Brain network evaluates robot likeability

Summary: Neuroimaging reveals brain area activity in the amygdala and prefrontal cortex helps people determine the likability of robots and suitability for social partnership.

Source: SfN

Researchers have identified a network of brain regions that work together to determine if a robot is a worthy social partner, according to a new study published in Journal of Neuroscience.

Using functional magnetic resonance imaging, Astrid Rosenthal-von der Pütten, Fabien Grabenhorst, and colleagues evaluated brain activity from the prefrontal cortex and amygdala as human participants scored images of robots on their likability, familiarly, and human-likeness. The participants also chose the robot from which they would prefer to receive a gift, indicating their social value.

Participants preferred more lifelike robots but disliked the ones that appeared “too human,” including artificially altered humans. Activity in the ventromedial prefrontal cortex followed the same pattern, increasing with the more lifelike robots until dropping significantly in relation to the most lifelike choice. The scientists concluded that each of several brain regions had a unique role in assessing the images, and the combination of their inputs determined whether or not a robot was likable.
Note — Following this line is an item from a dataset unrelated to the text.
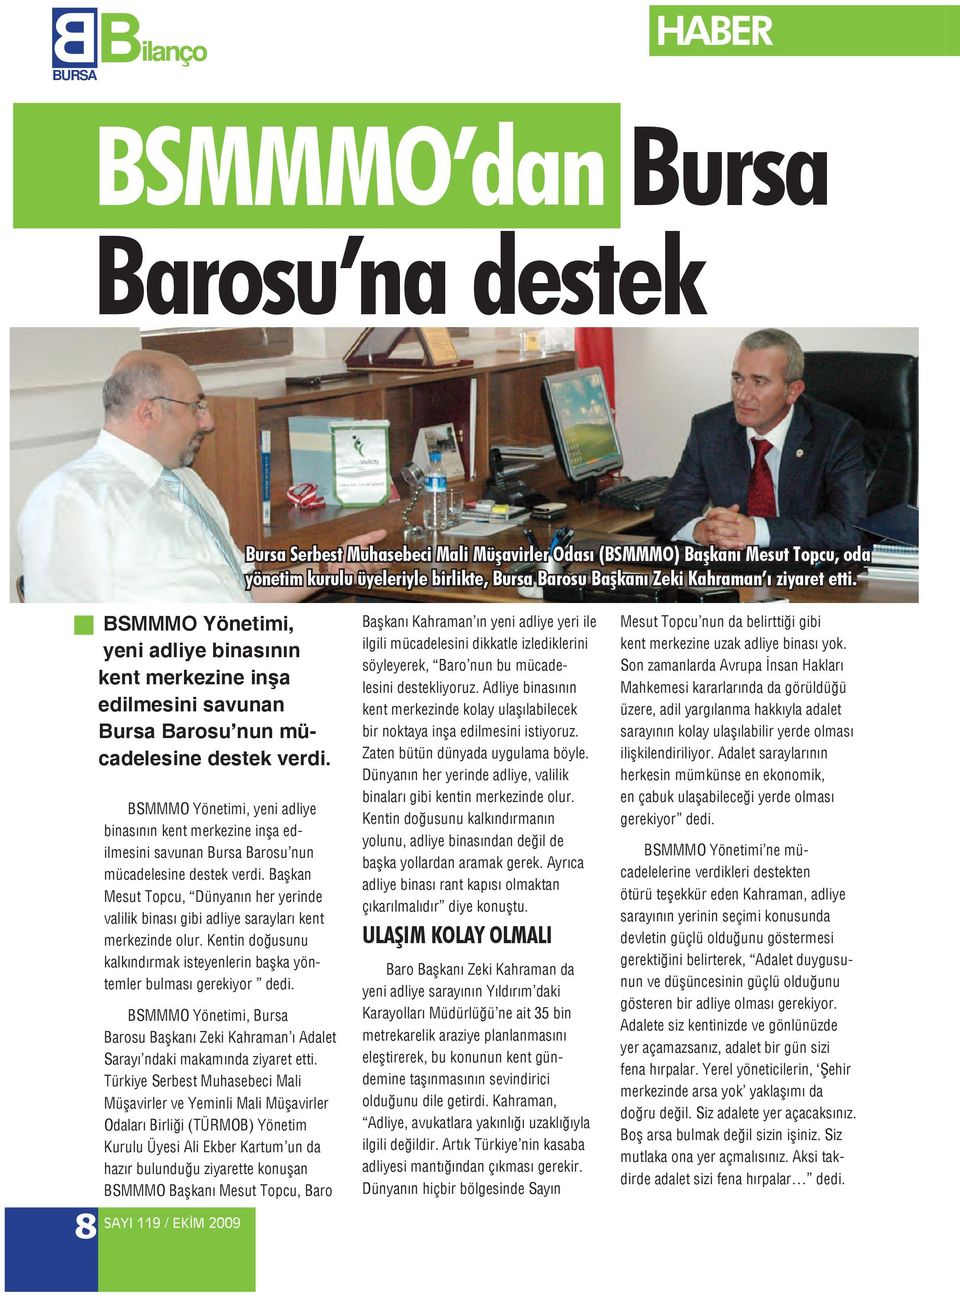 BSMMMO Yönetimi, yeni adliye binasının kent merkezine inşa edilmesini savunan Bursa Barosu nun mücadelesine destek verdi.

This shows two robots and a man
Images of robots shown to participants, from least human-like (left) to most human-like (right). The image is credited to Rosenthal-von der Pütten et al., JNeurosci 2019.

This direct representation of a psychological pattern in the brain provides insight into how people respond to and assess artificial social partners. The findings may also apply to the evaluation of human social partners.

About this neuroscience research article

Source:
SfN
Media Contacts:
Calli McMurray – SfN
Image Source:
The image is credited to Rosenthal-von der Pütten et al., JNeurosci 2019.

Original Research: Open access
“Neural Mechanisms for Accepting and Rejecting Artificial Social Partners in the Uncanny Valley”. Astrid M. Rosenthal-von der Pütten, Nicole C. Krämer, Stefan Maderwald, Matthias Brand and Fabian Grabenhorst.
Journal of Neuroscience. doi:10.1523/JNEUROSCI.2956-18.2019

Abstract

Neural Mechanisms for Accepting and Rejecting Artificial Social Partners in the Uncanny Valley

Artificial agents are becoming prevalent across human life domains. However, the neural mechanisms underlying human responses to these new, artificial social partners remain unclear. The Uncanny-Valley (UV) hypothesis predicts that humans prefer anthropomorphic agents but reject them if they become too human-like—the so-called UV reaction. Using functional MRI, we investigated neural activity when subjects evaluated artificial agents and made decisions about them. Across two experimental tasks, the ventromedial prefrontal cortex (VMPFC) encoded an explicit representation of subjects’ UV reactions. Specifically, VMPFC signaled the subjective likability of artificial agents as a nonlinear function of human-likeness, with selective low likability for highly humanlike agents. In exploratory across-subject analyses, these effects explained individual differences in psychophysical evaluations and preference choices. Functionally connected areas encoded critical inputs for these signals: the temporo-parietal junction encoded a linear human-likeness continuum, whereas nonlinear representations of human-likeness in dorsomedial prefrontal cortex (DMPFC) and fusiform gyrus emphasized a human-nonhuman distinction. Following principles of multisensory integration, multiplicative combination of these signals reconstructed VMPFC’s valuation function. During decision-making, separate signals in VMPFC and DMPFC encoded subjects’ decision variable for choices involving humans or artificial agents, respectively. A distinct amygdala signal predicted rejection of artificial agents. Our data suggest that human reactions toward artificial agents are governed by a neural mechanism that generates a selective, nonlinear valuation in response to a specific feature combination (human-likeness in nonhuman agents). Thus, a basic principle known from sensory coding—neural feature selectivity from linear-nonlinear transformation—may also underlie human responses to artificial social partners.

SIGNIFICANCE STATEMENT

Would you trust a robot to make decisions for you? Autonomous artificial agents are increasingly entering our lives but how the human brain responds to these new, artificial social partners remains unclear. The Uncanny Valley hypothesis—an influential psychological framework—captures the observation that human responses to artificial agents are nonlinear: we like increasingly anthropomorphic artificial agents, but feel uncomfortable if they become too human-like. Here we investigated neural activity when humans evaluated artificial agents and made personal decisions about them. Our findings suggest a novel neurobiological conceptualization of human responses toward artificial agents: The Uncanny Valley reaction—a selective dislike of highly human-like agents—is based on nonlinear value-coding in VMPFC, a key component of the brain’s reward system.